How can entrepreneurs incorporate ESG into their business


ESG (Environmental, Social, and Governance) imperatives have gained significant importance in recent years, not only globally but also in India. Entrepreneurs in India are increasingly contemplating the need to incorporate ESG principles into their business strategies to drive sustainable growth, promote employee welfare, mitigate risks, and meet the evolving expectations of stakeholders. 

With the changing business landscape, it becomes essential to understand the importance of ESG in the decision-making process of businesses. 

  1. Responsible Investment: Entrepreneurs seeking funding should recognize that ESG considerations are increasingly integrated into investment decisions. They should align their business models and strategies with ESG principles to attract impact investors, venture capitalists, and financial institutions that prioritize sustainable development.
  2. Responsible Supply Chain: The top public companies have already been mandated by SEBI to report on their ESG initiatives and this will extend to the supply chain including vendors, suppliers, and partners. Startups and entrepreneurs who are part of this extended chain will eventually have to comply with the ESG imperatives and starting early will help them stay ahead of the race.
  3. Responsible Employer: Entrepreneurs must consider the social impact of their businesses and strive to create positive change in society. This includes fostering diversity and inclusion within their organizations, promoting fair labour practices, and ensuring the health and safety of their employees.
  4. Responsible Business: Entrepreneurs can contribute to social development by supporting local communities, investing in education, healthcare, and other social welfare initiatives promoting corporate social responsibility.

Entrepreneurs can look at many ways to encourage the early adoption of ESG considerations in their business roadmap, such as: 

Innovation and Technology:

Entrepreneurs in India should leverage innovation and technology to drive sustainable solutions. By developing and adopting innovative products, services, and processes, entrepreneurs can address societal and environmental challenges effectively. For example, embracing clean technologies, digitalization, and circular economy models can lead to increased resource efficiency, reduced waste, and increased profitability.

Stakeholder Engagement:

Entrepreneurs must actively engage with their stakeholders, including employees, customers, investors, and communities. By understanding their needs and concerns, entrepreneurs can better align their business strategies with stakeholder expectations. Regular communication and dialogue can help build trust, foster loyalty, and gain valuable insights that contribute to the long-term success of the business.

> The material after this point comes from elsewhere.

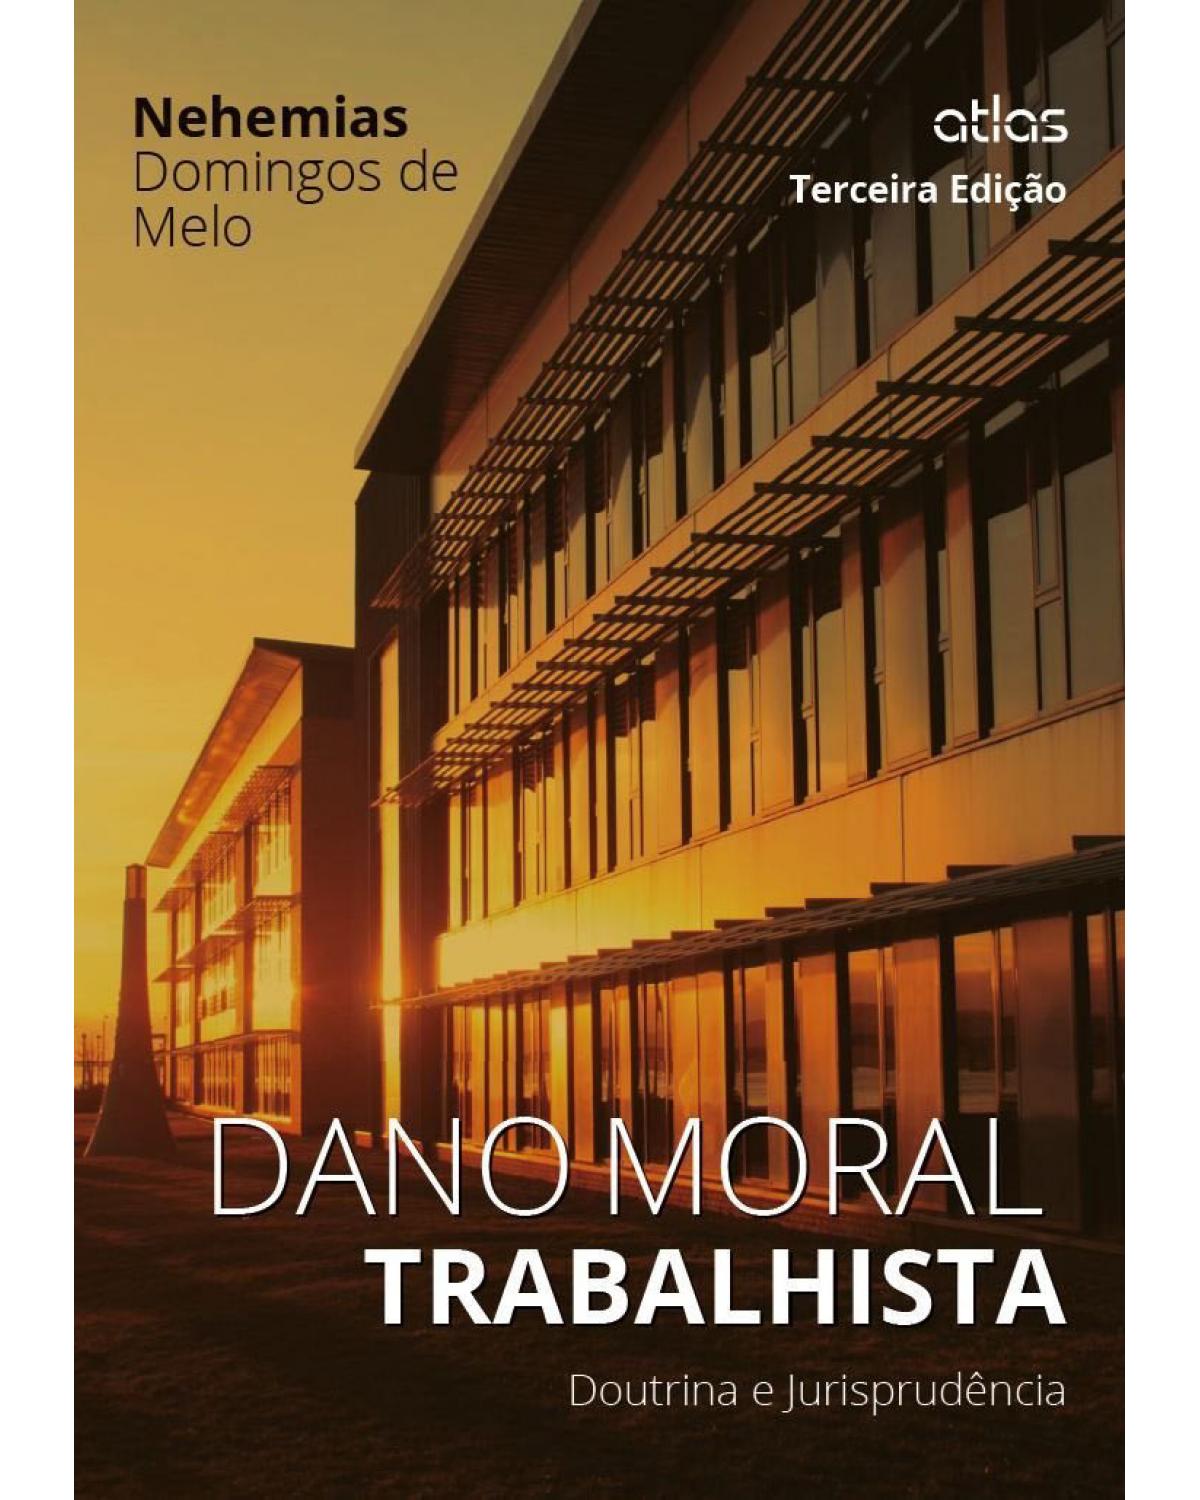 Dano moral trabalhista - Doutrina e jurisprudência - 3ª Edição | 2015

Reporting and Transparency:

Transparent reporting on ESG performance is essential to demonstrate accountability and attract socially responsible investors. Entrepreneurs should track and measure ESG metrics by adopting internationally recognized frameworks, such as those proposed by the Global Reporting Initiative (GRI) or Sustainability Accounting Standards Board (SASB), or refer Indian reporting frameworks such as Business Responsibility and Sustainability Reporting (BRSR) by SEBI to disclose their ESG practices and performance. Accurate and comprehensive reporting enhances credibility and helps stakeholders make informed decisions.

Corporate Governance:

Robust corporate governance practices are crucial for sustainable business growth and building trust among stakeholders. Entrepreneurs should establish transparent and accountable governance structures, including independent boards, effective risk management systems, and ethical business practices. By maintaining high standards of corporate governance, entrepreneurs can attract investors, build strong partnerships, and mitigate reputational risks.

Entrepreneurs are faced with the challenges of balancing the efforts towards building soonicorns/unicorns with the available resources. They may be sceptical in terms of the cost benefit ratio of deploying both financial and human resources to accomplish ESG objectives vis-à-vis other priorities. Also, in case of failure to meet any desired objectives such as clean energy, they may also face the negative implications of such decisions.

However, early adoption of ESG considerations will help them gain confidence of various stakeholders such as investors, employees, society, consumers, and others having vested interest in the business. This will help them to attract better investments, better talent, mitigate risks, gain additional revenue opportunities, and promote overall corporate governance.



Views expressed above are the author’s own.